Often times, an identifier is contained within the fragment file path. This is the case for this demonstration with file paths looking like this:

"/nfs/lab/projects/igvf/data/multiome/DM041_multi/DM45A_72h_control/atac_fragments.tsv.gz"

We will extract "DM45A" from this path. Doing this for each path gives us an ordering of fragment files to line the new locations up to

In [None]:
# Need to get the proper ordering of fragments from the actual object
for (i in seq_along(frags)) {
    sample <- toupper(strsplit(frags[[i]]@path, "/")[[1]][9])
    if (substr(sample, 1, 1) == "I") {
        sample <- toupper(strsplit(sample, "_")[[1]][2])
    }
    else {
        sample <- toupper(strsplit(sample, "_")[[1]][1])
    }
    obj_sample_names = c(obj_sample_names, sample)
}
obj_sample_names

# Order the new fragment file paths to match
Now you need to get the paths to all your fragment files in there updated locations and set their ordering to match what was extracted above. 

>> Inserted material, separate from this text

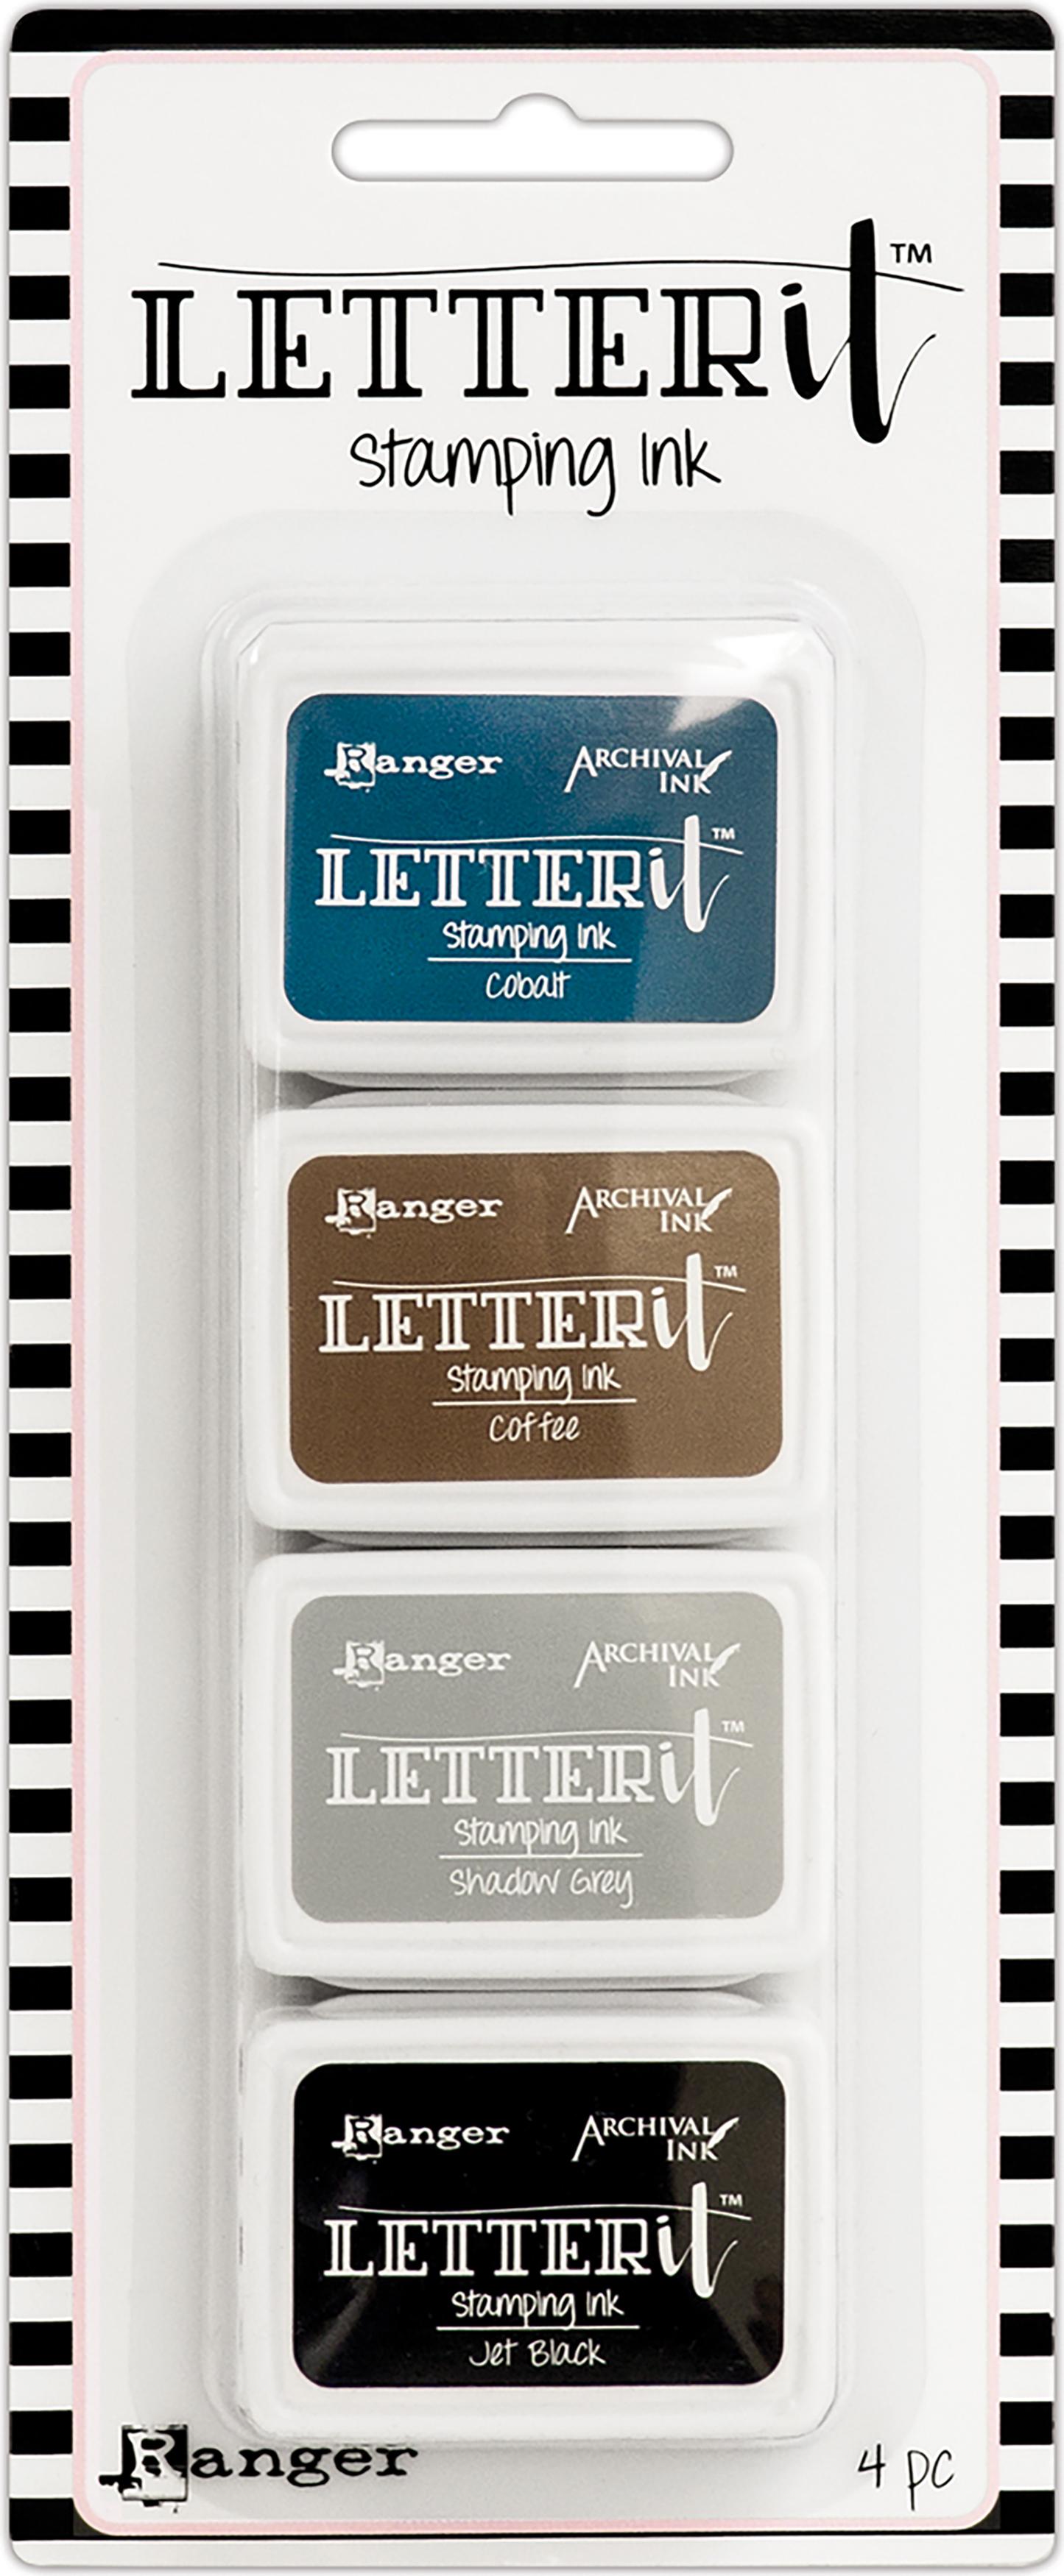 Ranger Letter It Stamping Ink Set - #1

For this example, we are working with fragment files in CellRanger output directories structures like this:

"cellar/users/aklie/data/igvf/beta_cell_networks/cellranger/igvf_sc-islet_10X-Multiome/igvf_dm45a_deep/outs/atac_fragments.tsv.gz"

Here, we will get a list of fragment files and extract the sample identifier again. We then set the name of each path to be the sample ID so that the list can be easily sorted based on ordering we got above. Again, if you have a natural ordering already (e.g. lexicographically), this is more straightforward.

In [None]:
# TODO: Get the sample specific directories for the fragment files
frag_dir <- file.path("/cellar/users/aklie/data/igvf/beta_cell_networks/cellranger", dataset_name)
sample_dirs <- list.files(path = frag_dir)
sample_dirs

In [None]:
# Grab a mapping of sample IDs to fragment files locally
frag_files <- list()
for (sample_dir in sample_dirs) {
    sample <- toupper(strsplit(sample_dir, "_")[[1]][2])
    frag_file <- list.files(path = file.path(frag_dir, sample_dir, "outs"), pattern = "*fragments.tsv.gz$", full.names = TRUE)
    frag_files[[sample]] <- frag_file
}
head(frag_files)

In [None]:
# Order the local frag_files list by the order of the object
new_frag_files <- frag_files[obj_sample_names]
head(new_frag_files)

# Update the Fragment object paths
Now that we have the new fragment paths ordered properly, we need to update to them in the Fragment object.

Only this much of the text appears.